Issuer Free Writing Prospectus

Filed Pursuant to Rule 433

Registration Statement No. 333-231121

 

LOGO

$1,250,000,000

5.375% Fixed-Rate Reset Cumulative Perpetual Preferred Stock, Series A

 

SUMMARY OF TERMS
Security:   

5.375% Fixed-Rate Reset Cumulative Perpetual Preferred Stock, Series A (the “Series A Preferred Stock”)

Issuer:   

Edison International (“EIX”)

Size:   

1,250,000 shares of Series A Preferred Stock

Aggregate Liquidation Preference:   

$1,250,000,000

Anticipated Ratings*:   

Ba2 / BB+ / BB (Moody’s / S&P / Fitch)

Trade Date:   

March 2, 2021

Settlement Date**:   

March 9, 2021 (T+5)

Maturity:   

Perpetual (unless redeemed by EIX as described below under “Optional Redemption”)

Public Offering Price:   

$1,000 per share

Liquidation Preference:   

$1,000 per share

Dividend Rate (Cumulative):   

From and including the Settlement Date to, but excluding, March 15, 2026 (the “First Reset Date”), 5.375% per annum. For each Reset Period (as defined in the preliminary prospectus supplement dated March 2, 2021 relating to the Series A Preferred Stock (the “Preliminary Prospectus”)) on and after the First Reset Date, a per annum rate equal to the Five-year U.S. Treasury Rate (as defined in the Preliminary Prospectus) as of the most recent Reset Dividend Determination Date (as defined in the Preliminary Prospectus), plus a spread of 4.698%.

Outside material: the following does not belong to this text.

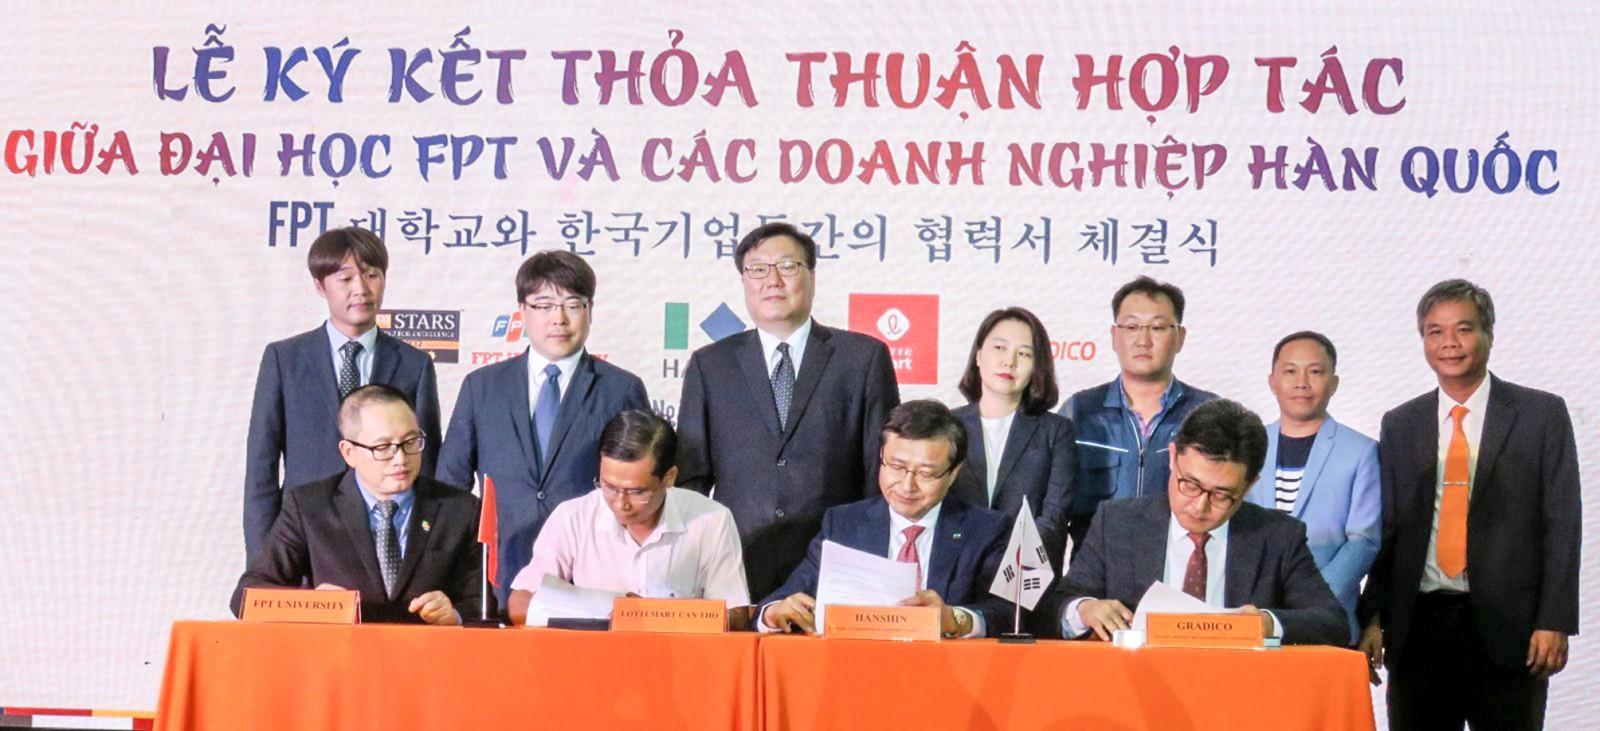 Lễ ký kết thỏa thuận hợp tác giữa Đại học FPT Cần Thơ và các doanh nghiệp Hàn Quốc.

Dividend Payment Dates:   

March 15 and September 15 of each year, commencing on September 15, 2021.

Optional Redemption:   

EIX may, at its option, redeem the Series A Preferred Stock:

 

•  in whole or in part, from time to time, on any day during any Par Call Period at a redemption price in cash equal to $1,000 per share; or

 

•  in whole but not in part, at any time within 120 days after the conclusion of any review or appeal process instituted by EIX following the occurrence of a Ratings Event (as defined in the Preliminary Prospectus), or, if no review or appeal process is available or sought with respect to such Ratings Event, at any time within 120 days after the occurrence of such Ratings Event, at a redemption price in cash equal to $1,020 per share,

 

plus, in each case, but subject to certain exceptions, all accumulated and unpaid dividends (whether or not declared) to, but excluding, such redemption date.

Par Call Period:   

With respect to the First Reset Date, the period from and including March 9, 2026 through and including the First Reset Date.

 

With respect to any Reset Date after the First Reset Date, the period from and including the December 15 immediately preceding such Reset Date through and including such Reset Date.

Reset Date:   

The First Reset Date and March 15 of every fifth year after 2026.

Listing:   

None.

CUSIP/ISIN:   

281020AS6/ US281020AS67


Joint Book-Running Managers:   

Wells Fargo Securities, LLC (“Wells Fargo Securities”)
BofA Securities, Inc. (“BofA”)

J.P. Morgan Securities LLC (“J.P. Morgan”)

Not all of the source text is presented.